2. The method for identifying based on a metering abnormal power consumption index basic feature according to claim 1, characterized in that, The intra-day index correlation of the suspected abnormality day calculated in step S40 comprises correlation degrees among three-phase currents, between current and load, between load and power; the cross-day index correlation between the suspected abnormality day and the normal days comprises correlation degrees of phase current-current, phase voltage-voltage, load-load and power-power; in step S50, secondary judgment is performed based on the index features, the curve shape features, the three-phase balance features and the correlation degrees calculated in step S40.

3. The method of claim 1, wherein the method comprises: In step S10, the power consumption index data is collected through high-speed power line carrier communication technology.

4. The method for identifying based on a metering abnormal power consumption index basic feature according to claim 3, characterized in that, The power consumption index data is collected every 5-20 minutes.

5. The method of claim 1, wherein the method comprises: The metering abnormality index basic feature library comprises features of at least one of the following abnormality types: "existence of reverse current", "electric energy meter stop", "current without power", "current loss", "electric energy meter fly", "current reverse connection or wiring error", "electric energy meter reverse", or "power overflow".

6. The method of claim 1, wherein the method comprises: In step S30, the curve shape features comprise: negative value segment in current or load curve, platform segment in power curve, load peak value offset or curve sharp fluctuation.

7. The method of claim 2, wherein the method comprises: In step S40, the Pearson correlation coefficient method is used to calculate the correlation between indexes.
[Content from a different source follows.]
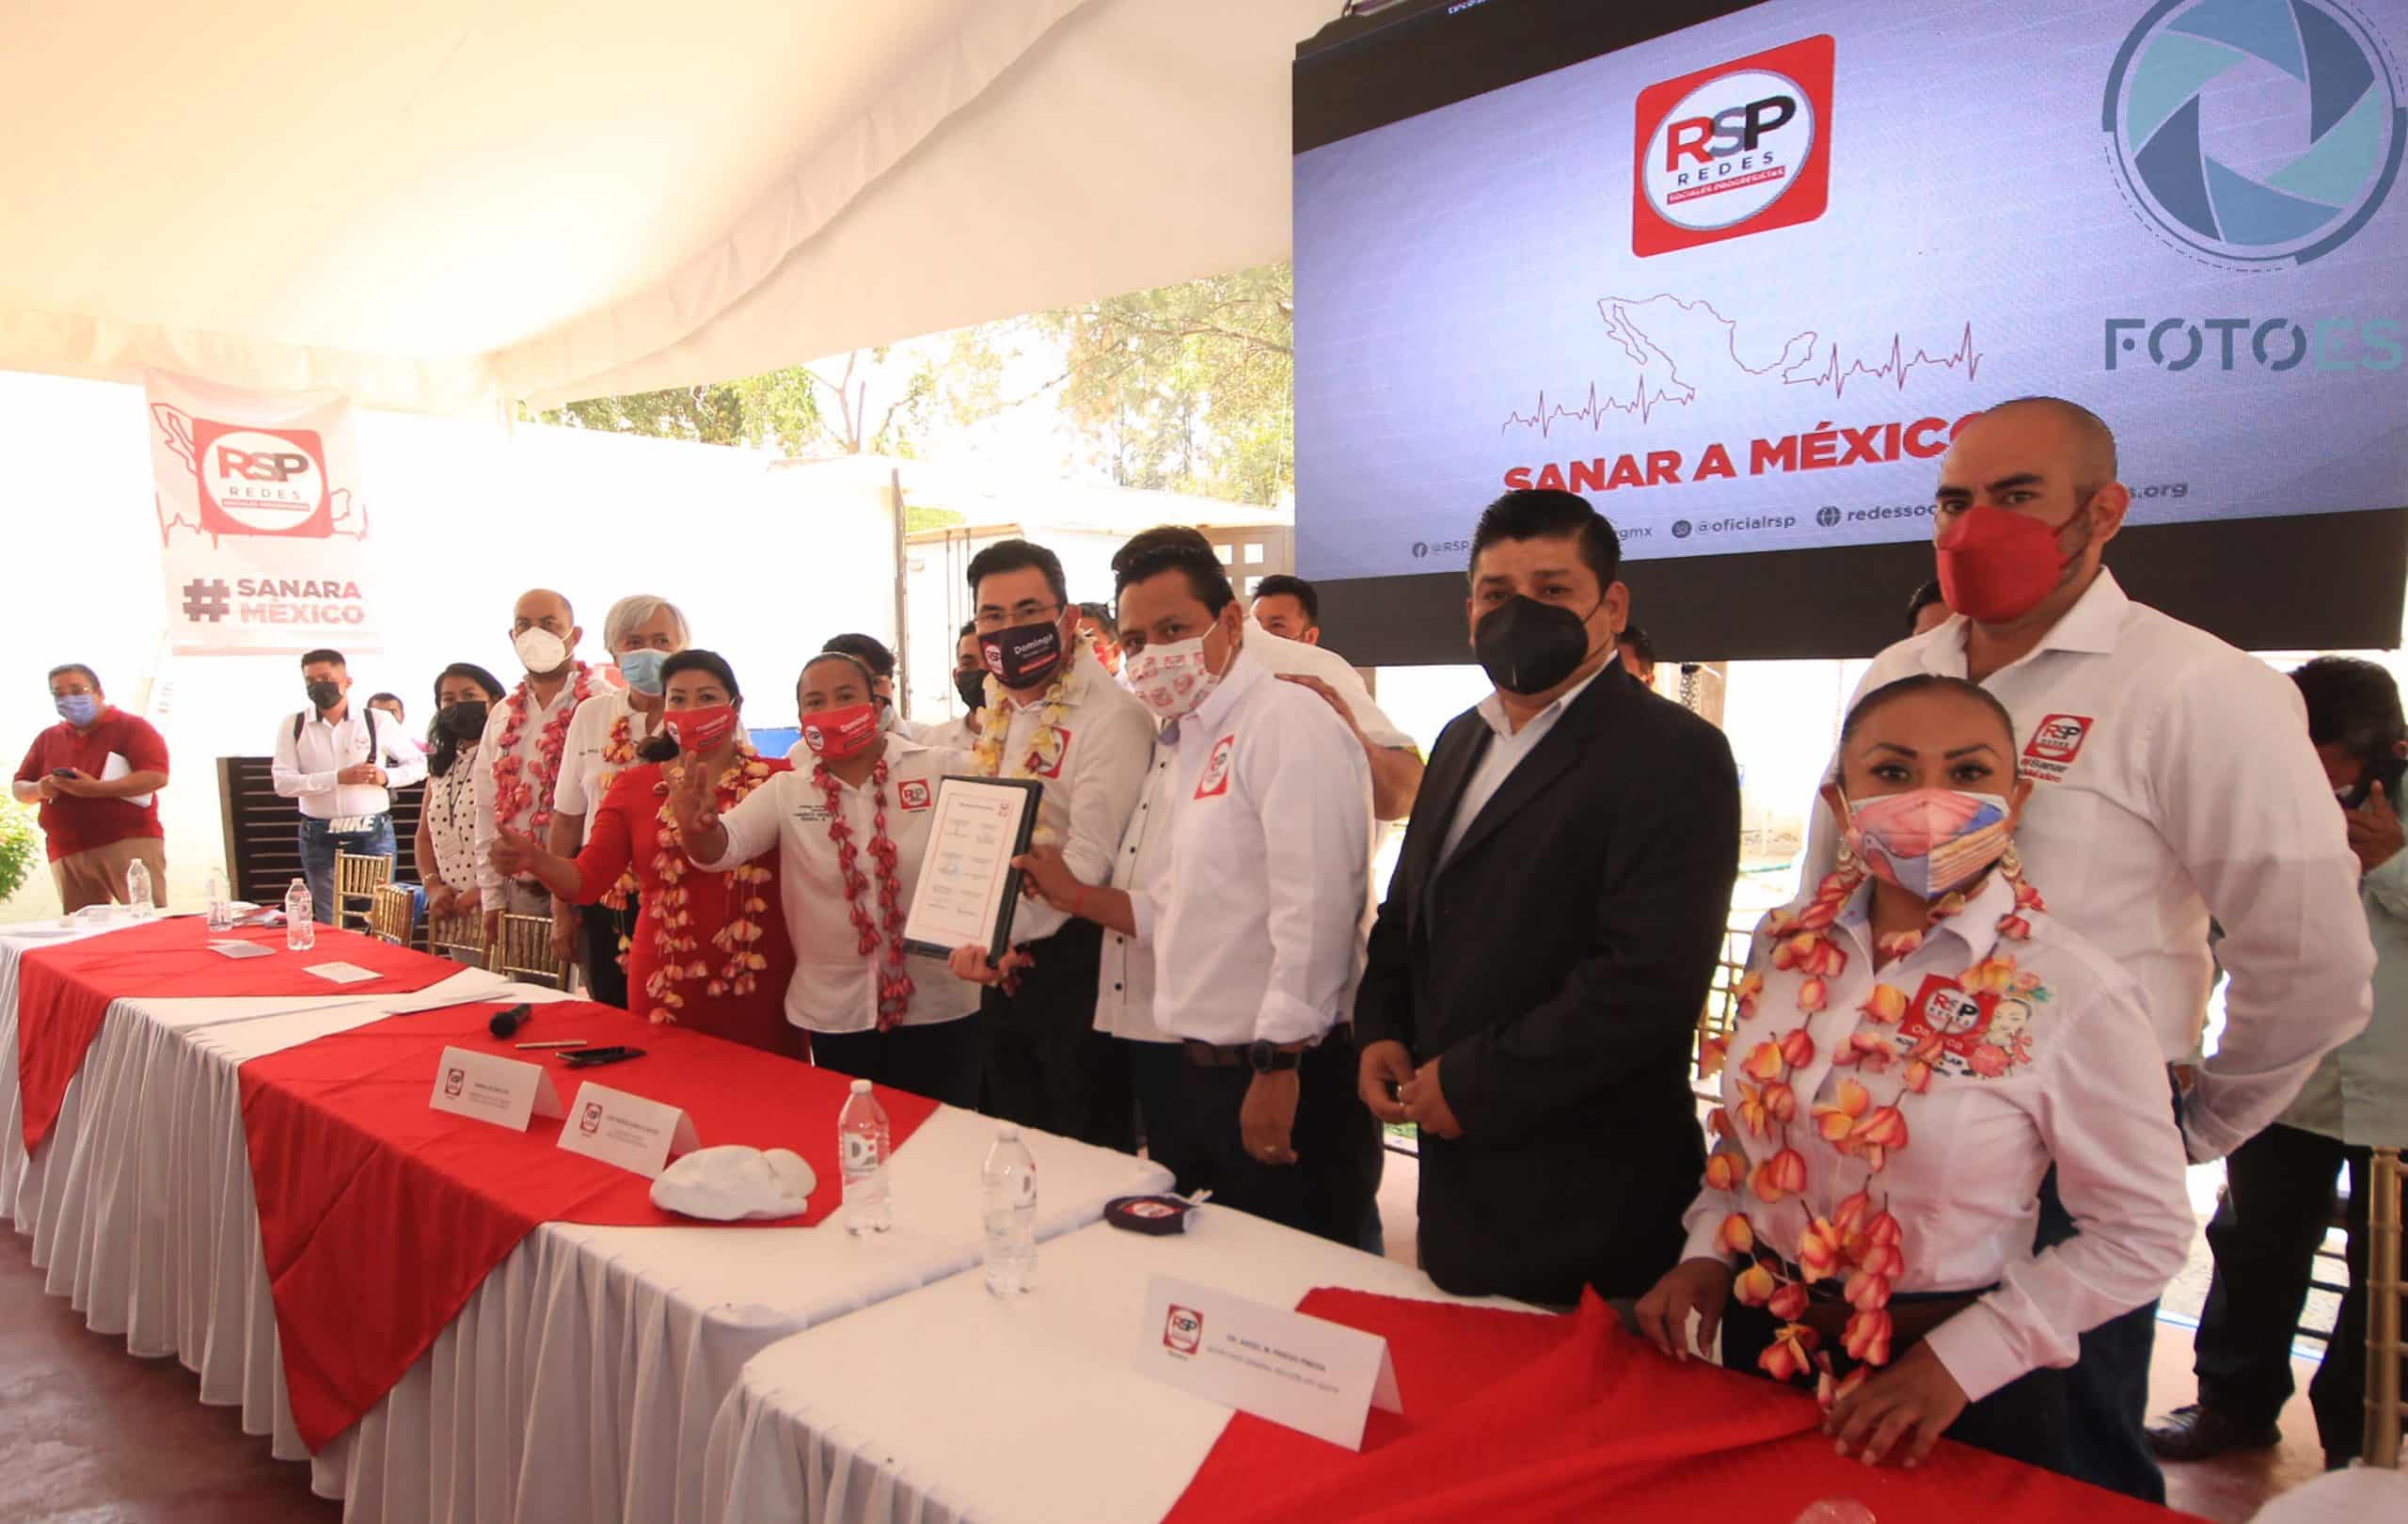 Firman “Pacto por la Salud” dirigentes y candidatos del partido RSP

8. The method for identifying based on a metering abnormal power consumption index basic feature according to claim 7, characterized in that, In step S40, when the Pearson correlation coefficient between three-phase currents is lower than 0.9, it is determined that three-phase imbalance abnormality exists.

9. The method for identifying based on a metering abnormal power consumption index basis feature according to claim 7, characterized in that, In step S40, the threshold of the cross-day index correlation is set as: the current curve correlation adaptive threshold is 0.9; the voltage curve correlation adaptive threshold can be set as 0.

8.

10. The method of claim 1, wherein, The two normal days are historical normal power consumption days, which are selected from historical data according to user power consumption behavior types as typical days without abnormality.